Trauma Therapy

Kevin Hall BSc, MSc, Trauma Therapist

“There are so many things in human living that we should regard not as traumatic learning but as incomplete learning, unfinished learning.”
Milton Erickson

What is a Trauma and what is Trauma Therapy?

Trauma therapy aims to provide relief from healing for psychological scars which have developed as a results of traumatic experiences. Traumatic experiences occur in situations where a person is confronted with events and experiences for which their personal and individual options and resources are not sufficient in order to overcome a posed threat. Such scars can occur from sudden and very intense threats or during periods of continuous threat, anxiety and worry. When such events are accompanied by feelings of helplessness and defencelessness or even fear for one’s own life then this can badly shake up the view one has of himself or herself and the world at large.

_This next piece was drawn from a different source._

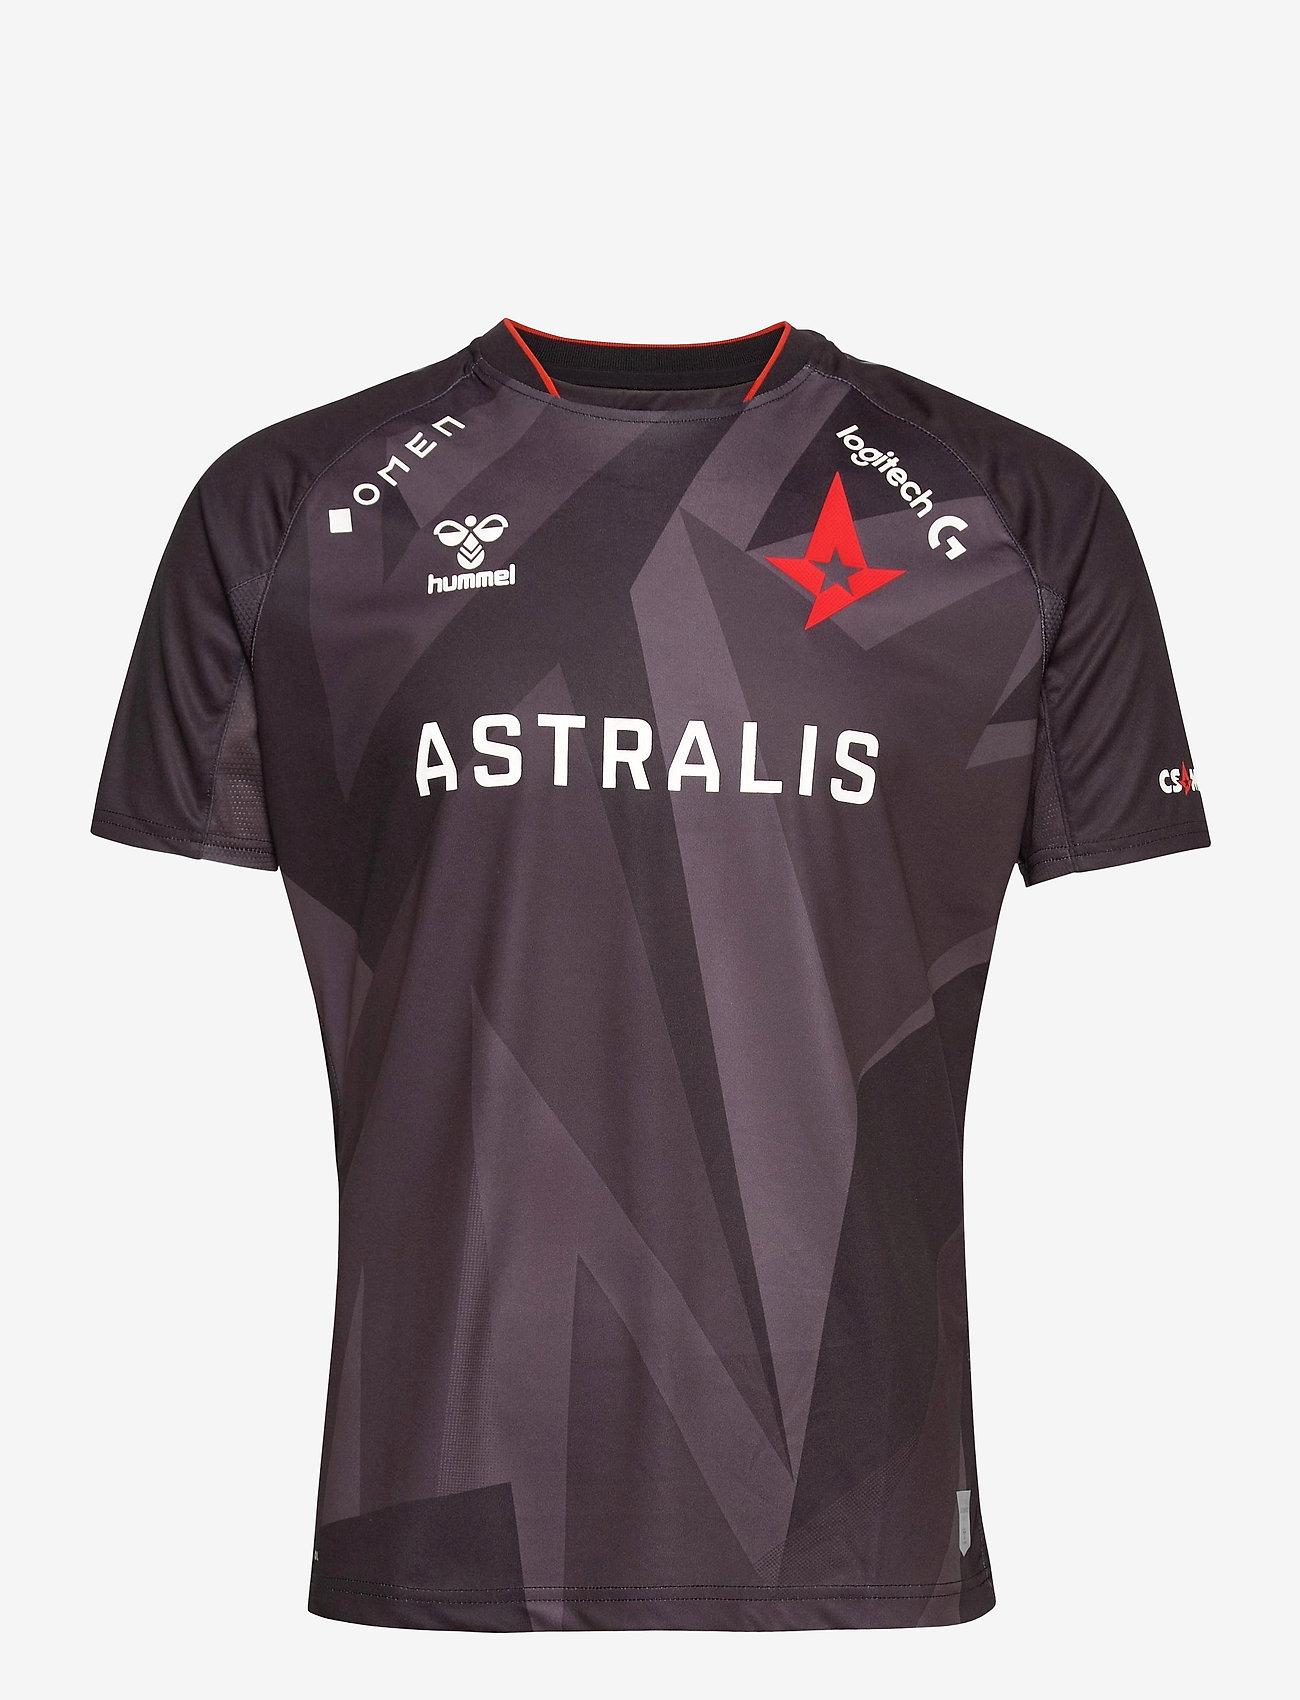 Hummel - ASTRALIS 20/21 GAME JERSEY S/S - football shirts - black w/logo - 0
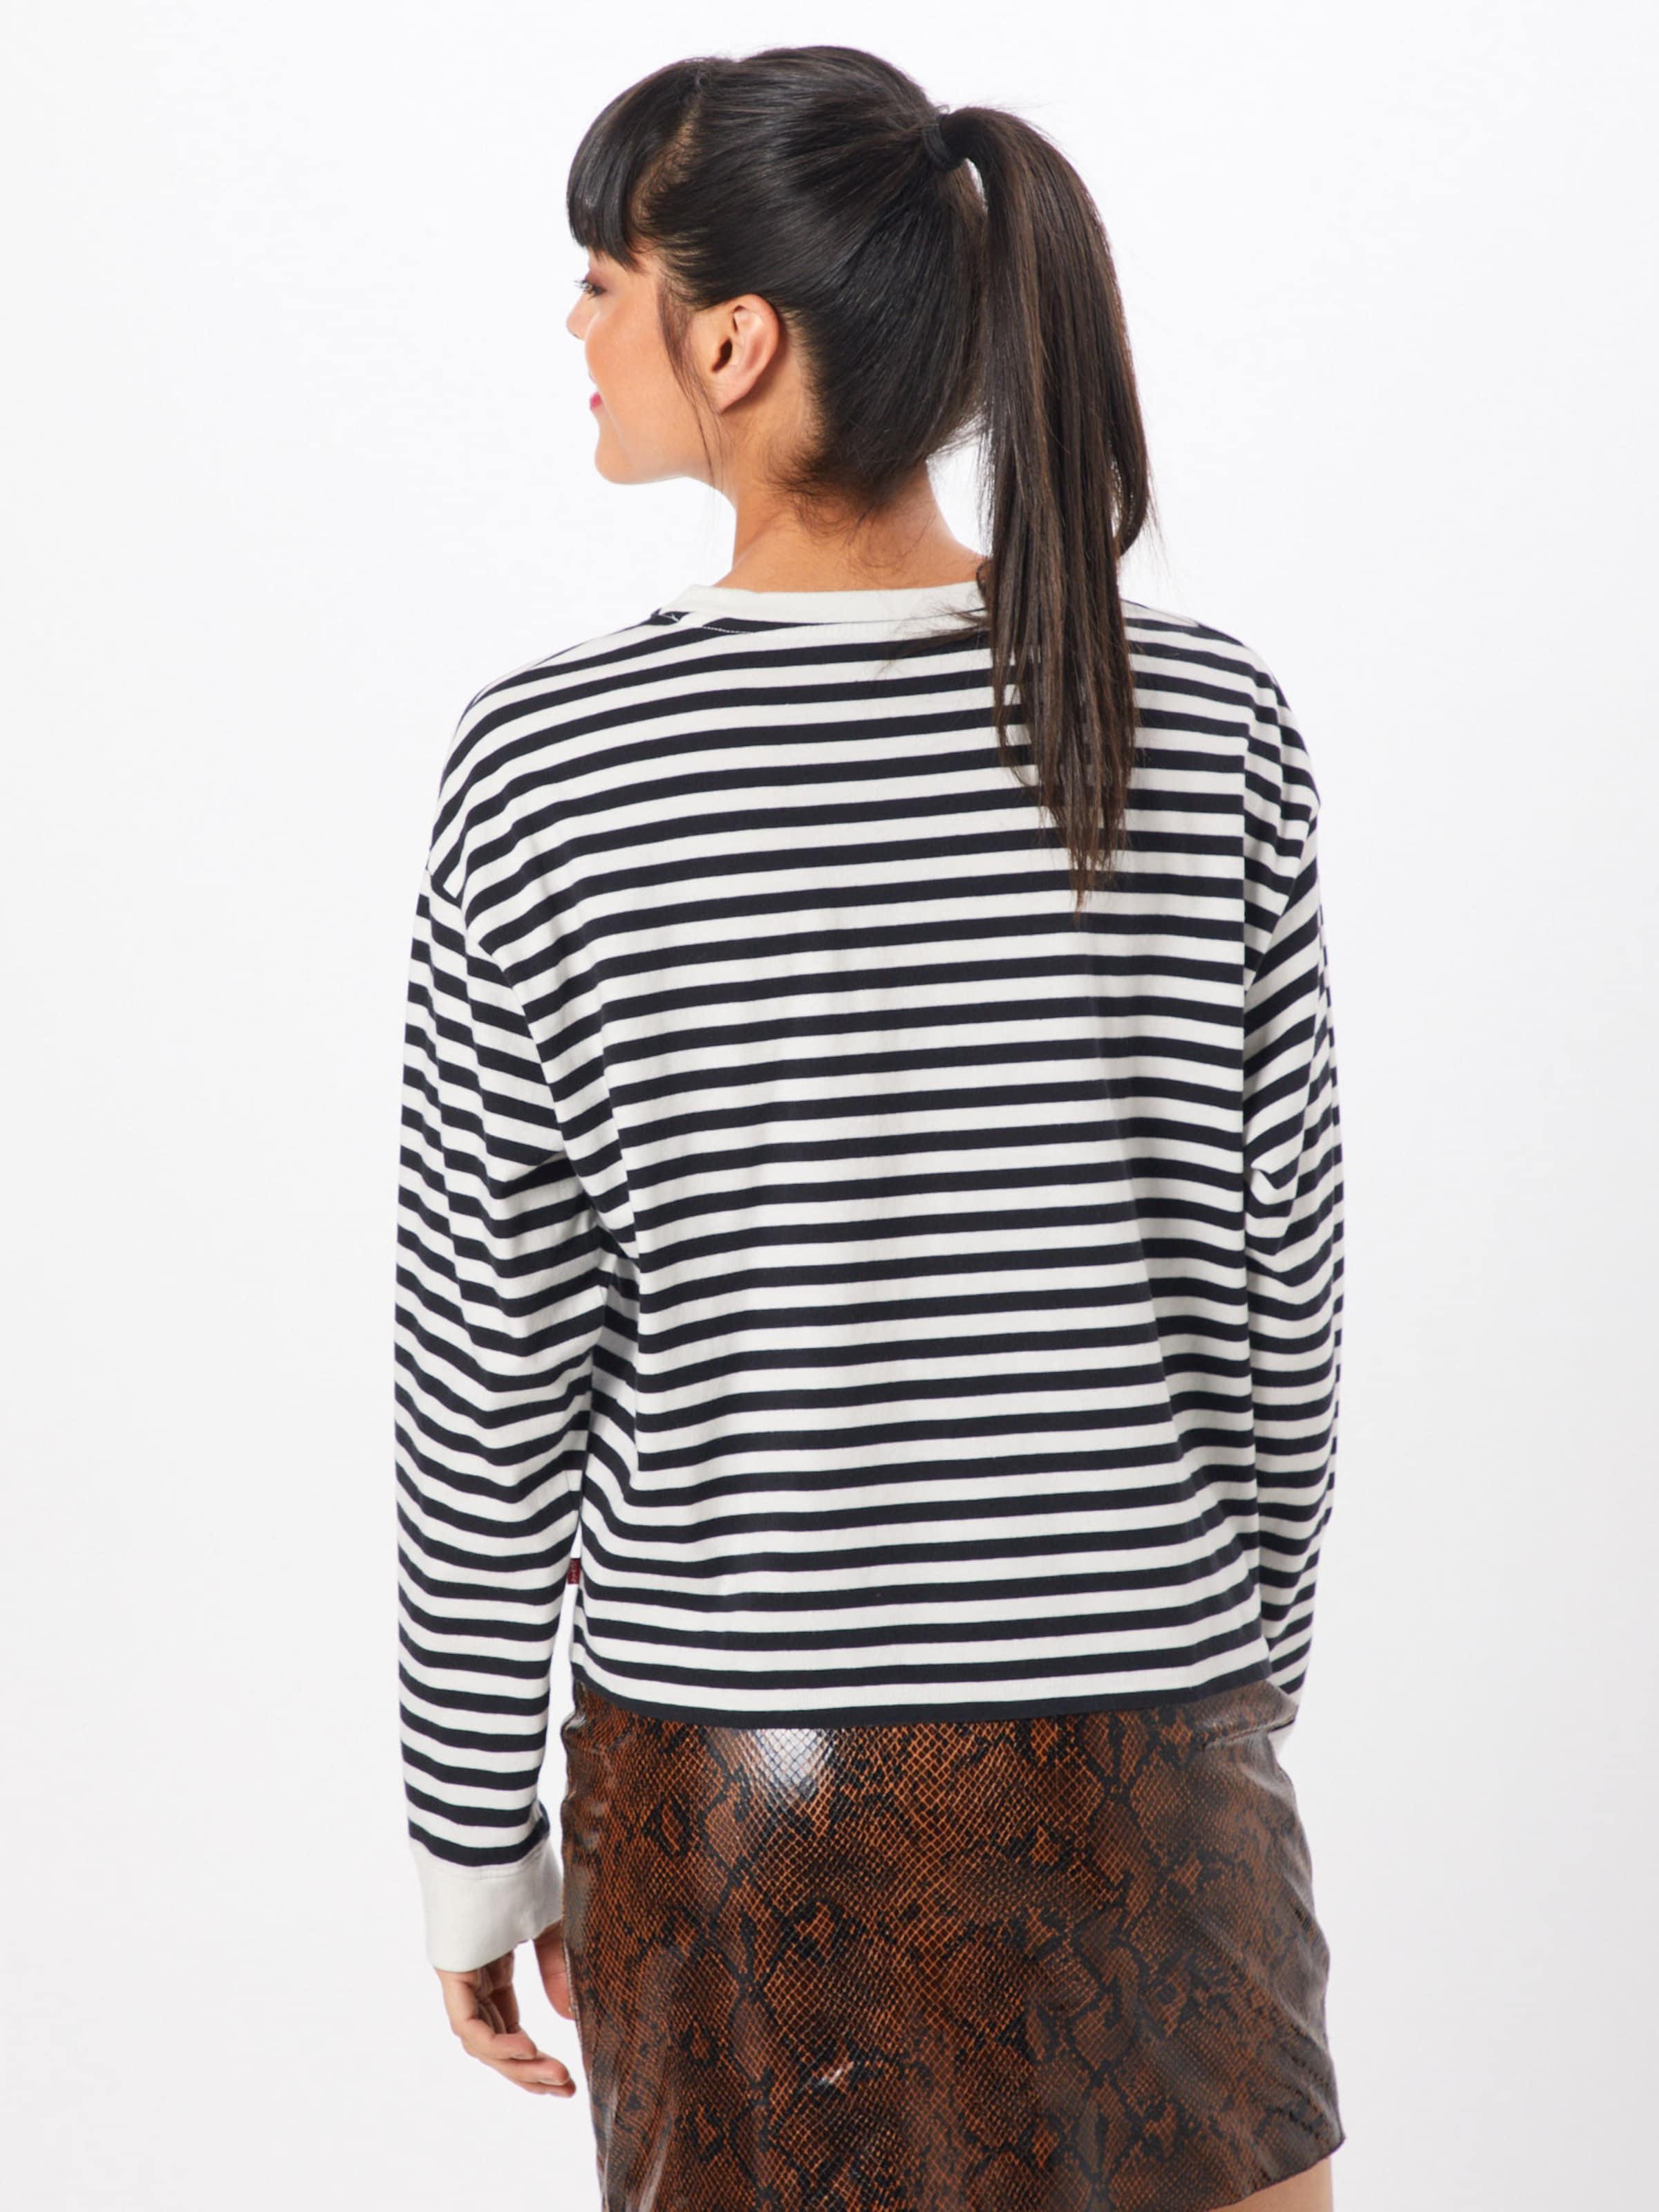 Tee' 'graphic T NoirBlanc Long shirt Sleeve En Levi's vmn80wN

Examples for experiences which can cause traumatic scars are:

Natural catastrophes, war, torture
Exposure to criminal acts such as rape, murder, kidnapping, armed robbery
Serious accidents, illnesses, operations
Psychological, physical and sexual abuse
Sudden loss of carers, close people, parents or homes
Emotional and physical neglect
Being witness to disturbing events such as those mentioned in this list
The psychological scars caused by such experiences trigger a variety of feelings such as anxiety, shock, sadness, anger, irritability, disappointment, bitterness and denial. Affected persons may also be haunted by flashbacks and nightmares. The body can respond to the stress by developing constrictions, pain and tensions. Depersonalisation phenomena such as feeling like an automaton or having a sense that everything around is blurry, “not real” or artificial are also a common occurrences.
Trauma therapy with Kevin Hall, trauma therapist

Psychotherapy with a trained trauma therapist can help to relieve and control the symptoms which occur as a result of traumatic experiences

How can Trauma be treated?

Trauma therapy aims to address these issues within four main steps of treatment:

Kevin J. Hall, Psychotherapeut & Business-Coach

Kevin Hall BSc, MSc, psychotherapist (systemic family therapy). Advanced clinical training in trauma therapy and clinical hypnosis.

Orientation and Stabilization
In this phase a relationship between therapist and client is established in which clients can feel safe and open up. The client’s situation, resources and symptoms are assessed and hopes and goals for the future are jointly explored.
Further stabilization and resource building
The goals of this phase of therapy is to help clients to establish stability externally in their environment and internally within themselves. Clients are introduced to ideas and techniques for building self-worth, regulating emotions, feelings and impulses. This is the most important phase of trauma therapy. For some clients it may even be enough to stabilize them and strengthen their resources that further therapy work beyond this phase is not even necessary.
Trauma Confrontative Work
Once clients have gained sufficient stability both in terms of their mental state and living conditions (e.g. social support structures, daily routine etc.) then it is possible to begin to work with the trauma material (memories, images and feelings associated with the traumatic experiences). Trauma confrontative techniques are used for this purpose. These methods aim to provide relief from post-traumatic symptoms such as flashbacks and intense feelings of panic, helplessness, horror, numbness, emptiness, guilt, worthlessness etc.

Clients are taught to exert control over memories and sensations which lead to emotional flooding. Behavioural techniques and hypnosis are used to “transform” trauma material so that it can be processed and integrated by mental processes. The objective is to enable clients to feel as unburdened as possible from their past so that they can build a sense of self that is not tainted by their experiences.

Saying Farewell to the Burdens of the Past. Planning for the Future.
In this last phase of treatment clients are encouraged to say their farewells to aspects of their experiences which they do not wish to take with them into the future. Aspects of troubling experiences which help to increase resilience or enhance the wisdom of clients are also identified. At the end of the day it is important not to dispose of anything which could prove to be valuable.

A vision for an unburdened future and new goals are developed in a joint process involving therapist and client. It is important to ask questions here such as the following:

How will you view and relate to yourself in your vision of the future?
What signs will present themselves to you to indicate the process here has been successful, sustainable or even that it is continuing to run on a deeper level bringing with it even more profound change?
How will you be able to recognise that the process and our work here has been successful enough? What quality measures would prove that to you?
What wishes, hopes and desires to have for the future?
What will you use the energy that was focussed on the past for in the future?